Pode continuar a repetir tudo durante anos até à sua morte, drenando-se a si mesmo e aos outros à sua volta, passar pelo espelho e evitar de se olhar nos olhos, mas ao mesmo tempo a tirar mil selfies por dia, para postar na tentativa que outros comentem e lhe digam aquilo que gostava de ouvir, mas é incapaz de sentir acerca de si mesmo.
Ou mais fácil ainda, mais rápido: pode pedir ajuda a um psicólogo que a vai desmontar devagarinho e levá-la a mais bela descoberta da sua vida – a descoberta de si mesmo! Ah, e quando você começar a se descobrir, também vai-lhe dar adrenalina, mas desta vez irá ser uma adrenalina aplicada para construção e não destruição do seu ser.

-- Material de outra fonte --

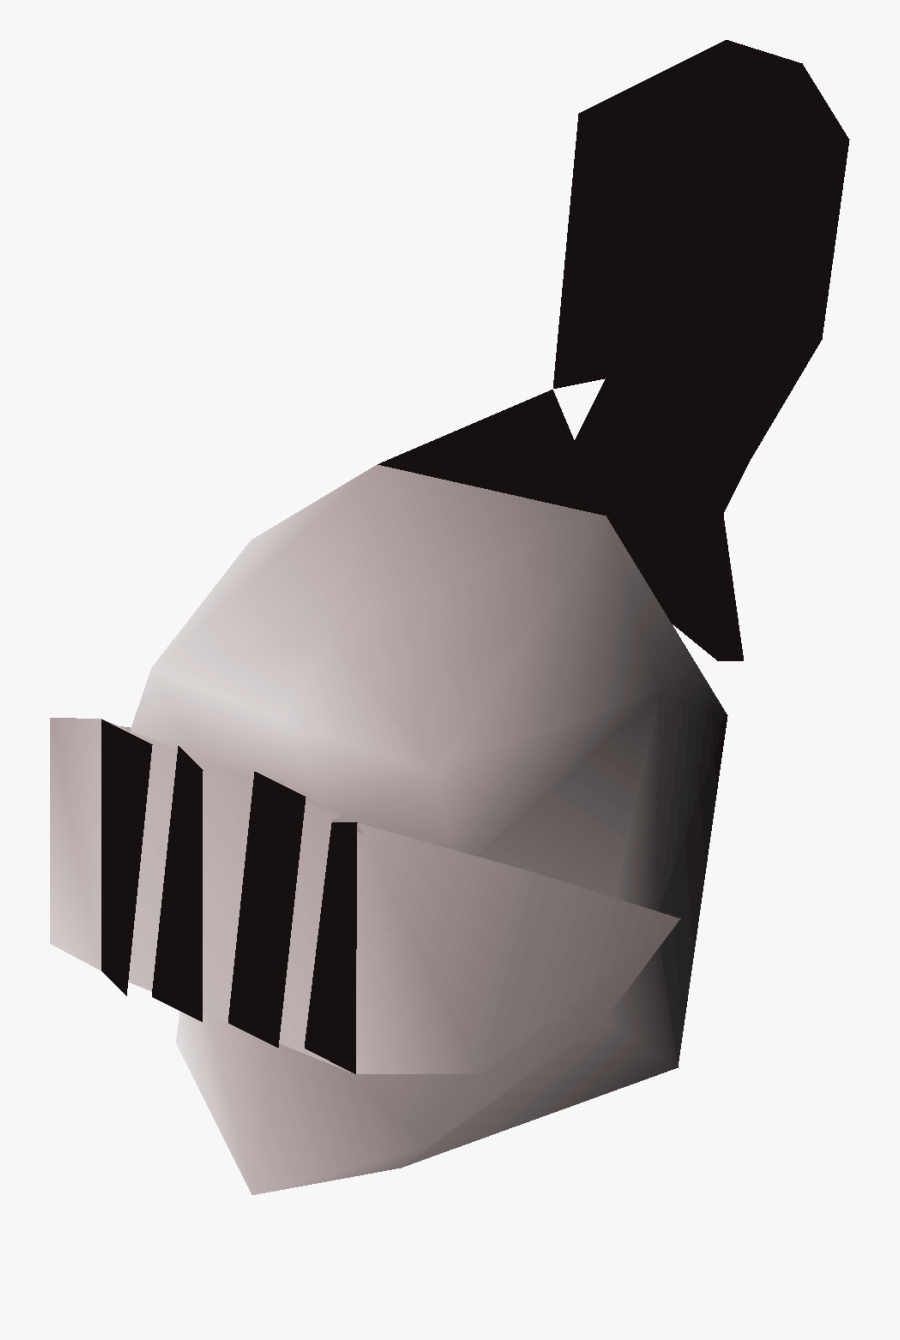 Osrs White Knight Helmet - Rune Full Helm Png, Transparent Clipart

É aqui que também falha a recuperação, quando um grupo de adictos em recuperação acha que se não saírem um pouco da comunidade e pedirem ajuda específica, é isso que lhes salva a vida! Mantém-nos de facto em recuperação, mas continuaram a viver com o vazio não resolvido e a partilhar para aliviar e para pedir perdão como se de uma penitência se tratasse!
Não é exatamente o mesmo do passado:
- Mãe, dá-me dinheiro porque tenho dores da ressaca – eu estou doente!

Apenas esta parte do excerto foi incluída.